Definition
Ein generalisiertes Muster der Immunaktivierung des Wirts, das sich in systemischen physiologischen und laborchemischen Veränderungen (z. B. veränderte Temperaturregulation, Herz‑ und Atemfrequenz, Leukozytenzahlen) äußert und durch verschiedene schädigende Einflüsse wie Infektion, Trauma, Ischämie‑Reperfusionsverletzung oder immunologische Schädigung ausgelöst wird.
Prinzip
Prinzip
Die systemische Entzündungsreaktion spiegelt eine auf Wirtsebene erfolgende Aktivierung angeborener und adaptiver Wege wider, ausgelöst durch einen schädigenden Stimulus; wenn diese Reaktion dysreguliert oder übermäßig ist, kann sie unabhängig von der ursächlichen Läsion Organdysfunktion verursachen.
Demonstration
Demonstration
Illustratives Szenario: Situation — Ein Patient entwickelt eine akute Pankreatitis. Erkennung — Fieber, Tachykardie, Tachypnoe und Leukozytose signalisieren eine systemische Entzündungsreaktion. Handlung — Kliniker suchen nach infektiösen Quellen und überwachen die Organfunktion, während sie supportive Maßnahmen gegen den Auslöser und Komplikationen ergreifen. Folge — Das Muster veranlasst eine intensivere Überwachung und Therapie, weil systemische Entzündung das Risiko organischer Dysfunktion erhöht, selbst wenn keine Infektion vorliegt.
Fehlanwendung
Fehlanwendung
Fehlinterpretation: Systemische Entzündungsreaktion mit gesicherter Infektion gleichsetzen.
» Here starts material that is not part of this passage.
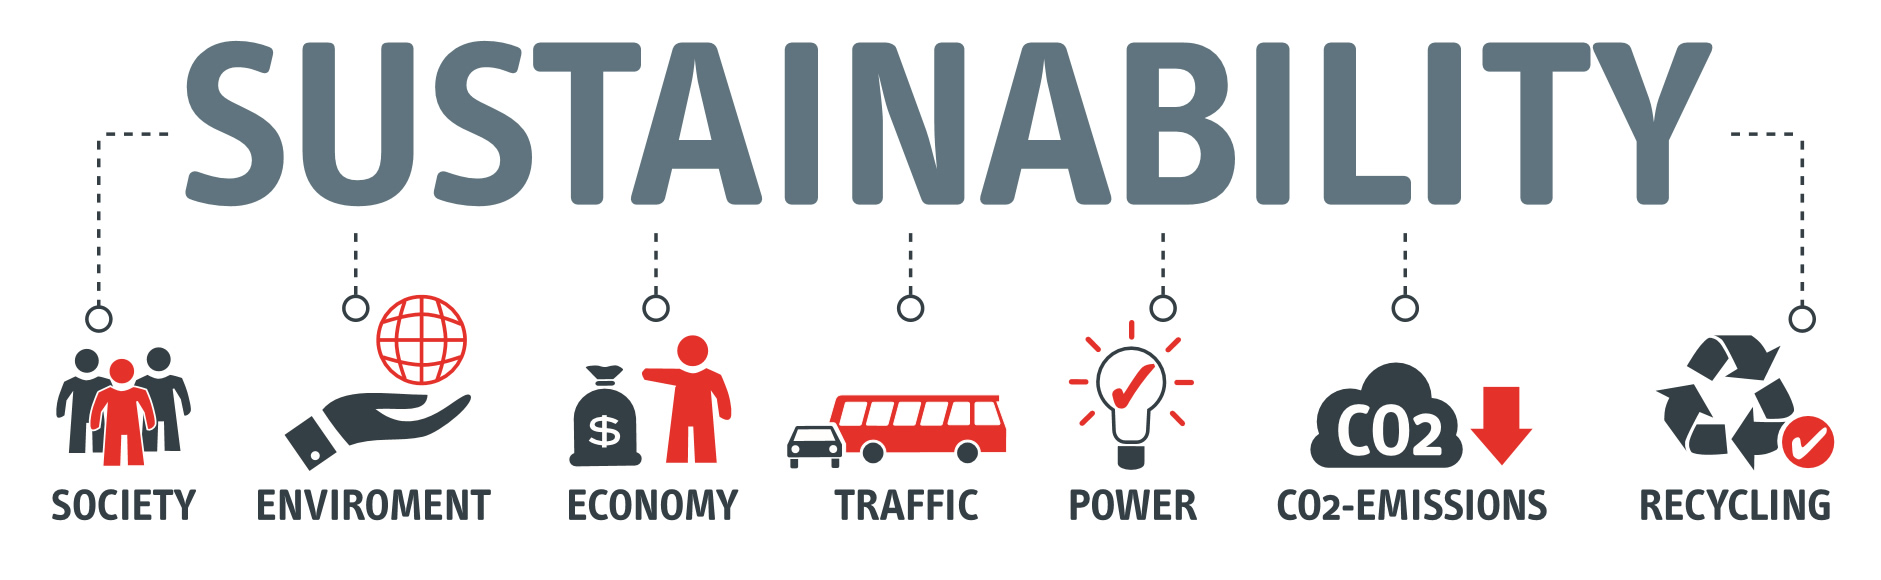 Sustainability-banner-8

Warum plausibel — Infektionen führen häufig zu systemischen Zeichen. Semantischer Fehler — Systemische Entzündungsreaktion ist eine Wirtsreaktion, die steril (z. B. Trauma, Operation, Ischämie) sein kann und daher nicht per se eine Infektion bestätigt.
Konsequenz
Konsequenz
Die Erkennung einer systemischen Entzündungsreaktion führt kausal zu einer erweiterten diagnostischen Abklärung (Suche nach infektiösen und nicht‑infektiösen Ursachen), erhöhter Überwachung auf Organdysfunktion und Einleitung supportiver Therapien; Fehldeutung als rein infektiös kann zu unnötiger antimikrobieller Exposition oder unangemessenem diagnostischen Fokus führen.
Umkehrung
Umkehrung
Einschränkungen: Das systemische Entzündungsmuster ist weder spezifisch noch stets schädlich; vorübergehende, regulierte systemische Entzündungen können Teil einer effektiven Wirtsabwehr sein. Außerdem variieren Klassifikationssysteme und diagnostische Schwellenwerte kontextabhängig, sodass die alleinige Anwendung eines Kriteriensatzes zu Fehlklassifikationen führen kann.
Abgrenzung
Abgrenzung
Eindeutig innerhalb — Diffuse klinische und laborchemische Auffälligkeiten, die nach einer identifizierbaren Schädigung auf eine systemische Entzündungsaktivierung des Wirts zurückzuführen sind. Grenzfall — Postoperative Temperaturerhöhung: Begleitet von weiteren systemischen Zeichen kann sie eine systemische Entzündung darstellen; ist sie isoliert und selbstlimitiert, kann sie eine physiologische Reaktion sein. Deutlich außerhalb — Lokalisierte Entzündung auf ein Organ oder Gewebe beschränkt ohne systemische physiologische Veränderung.
Semantische Spannung
Semantische Spannung
Spannung zwischen früher Erkennung zur Prävention von Organdysfunktionen (zugunsten der Sensitivität) und dem Risiko der Überdiagnose mit unnötigen Interventionen (zugunsten der Spezifität) bei Anwendung systemischer Entzündungskriterien.
Synthese
Synthese
Die systemische Entzündungsreaktion ist ein klinisches Muster, das eine auf den Wirt bezogene Aktivierung anzeigt und kontextuell interpretiert werden muss — ihr Vorhandensein veranlasst Abklärung und supportive Maßnahmen, ersetzt jedoch ohne Kontextintegration nicht die definitive Diagnose einer Infektion oder eine valide Prognose.